Fancy Feast, uma artista burlesca, comparou sua presença na Internet com o trabalho que ela realiza. “Quando eu sou um mestre de cerimônias, é como um simulacro de conversa, mas é unilateral e até certo ponto improvisado, até certo ponto escrito. Ele é voltado para um público específico, para que eles tenham uma experiência específica; dessa forma, há um certo cálculo que o acompanha. ”

"Isso não é o mesmo que interação social, mas parece que às vezes, e me cansa demais e impede minha capacidade de falar depois de shows." Ela acrescenta que, depois de shows, seu público quer ou não. espera a versão dela que “ainda está no microfone. É impossível e estou exausta com isso. ”

Como o Fancy Feast, considero minha plataforma um palco, apesar de sentir profundamente o quão porosa é essa posição. Estar no microfone é confuso: fomentei um sentimento de intimidade onde muitas vezes não existe, a ponto de milhares de pessoas descarregarem suas verdades diretamente para mim.

Sinto-me grato e inundado, energizado e exausto. Em todas as conversas, tenho que questionar o que devo às pessoas, o quanto de mim devo ser contra o desempenho do eu que estou online.

Às vezes, é um alívio conversar com seguidores em particular, em DMs, para sentir que podemos realmente ter uma troca. Mas nem sempre posso fazer isso, e quando lembro as pessoas disso - e de que não nos conhecemos - parece sacrílego.

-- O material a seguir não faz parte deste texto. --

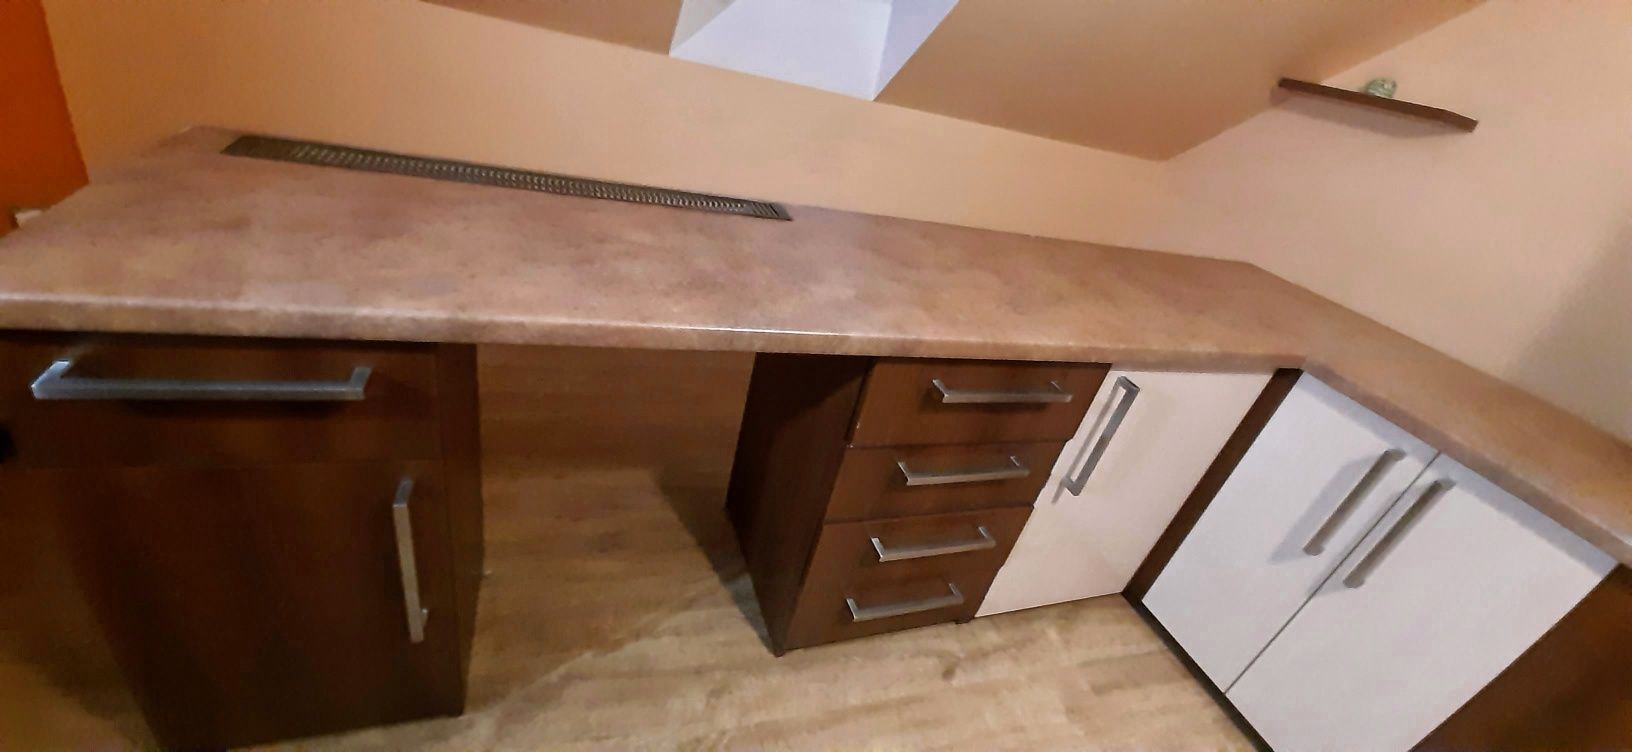 Duże biurko wytrzymałe i zadbane

Raramente consideramos a facilidade de compartilhar on-line ou a realidade terrivelmente embaraçosa de que podemos estar projetando a estrutura de uma conversa sobre o que é, de fato, um solilóquio.

Como uma “página grande” e apenas uma pessoa, senti como estar on-line está consumindo e, ao mesmo tempo, é uma licença para estar um pouco menos lá. Não é preciso todo o meu esforço, e é por isso que sou atraído por isso em primeiro lugar, mas talvez também porque eu desisto tanto de mim mesma sem perceber o custo.

Podemos desviar nossa energia sem que ninguém perceba, algo que para nós, pessoas que já estão sem energia, é uma bênção. Podemos nos envolver de maneiras que não exigem todos nós, através de uma variedade de ferramentas de comunicação abreviada, ou simplesmente parar de responder.

Eu me pergunto se esse recurso que considero um presente também pode ser um fardo, que renomeia a conexão offline como hercúlea, mesmo que apenas por causa do foco singular que ele exige.

Então, e se essa teoria - estar online impactar nossa energia para se envolver com as pessoas IRL - for verdadeira, e não pudermos realmente desconectar, em geral?

Nós - ou devemos - nos importamos?

Meu instinto é recitar o roteiro que muitos de nós recitam, talvez sem realmente saber como ou perceber a extensão de nossa pergunta: “Faça logoff. Vá conversar com alguém na vida real.

Isso é irreal ou impossível para muitos. Parece que Tim Robinson está andando em um traje de cachorro-quente em “Eu acho que você deveria sair”, adotando um argumento muito familiar do Ted Talk sobre o quão arruinada é a mídia social.

A expectativa de que o logoff seja igual à conexão offline parece estar enraizada no desejo de algo que nunca foi realmente. Está ansiando por um tipo de comunicação com estranhos que nunca existiu como uma maneira de aliviar a avassaladora avaria do momento.

Queremos algo para culpar, assim como queremos a atitude certa. É mais fácil dizer que estamos conectados demais do que reconciliar que talvez não exista mais uma dicotomia distinta de "conectar" e "desconectar".

Mas eu descobri, através de muitas tentativas e erros, que fazer a pergunta "O que isso está fazendo comigo?" vale a pena, se não mais, do que procurar simples banalidades pelas quais responder.

Como na maioria das coisas, acho que a resposta é conversar sobre isso, com você e seus amigos, virtuais e IRL. Enquanto escrevia isso, comecei a manter uma lista (uma escrita em papel - me dê essa nostalgia) das conversas que eu estava fazendo malabarismos com as quais realmente queria dar uma resposta significativa.

Comecei a me perguntar o que espero de outras pessoas, da mesma maneira que lamento a quantidade impossível de energia que sinto que as pessoas me pedem. Parei de tentar "descobrir as pessoas", sabendo muito bem que meu eu on-line sou eu e não eu e que a maneira mais clara de chegar à verdade é perguntar.

Pergunte a si mesmo quando espera que outras pessoas sejam quem elas são "no microfone" e quando elas fazem o mesmo por você.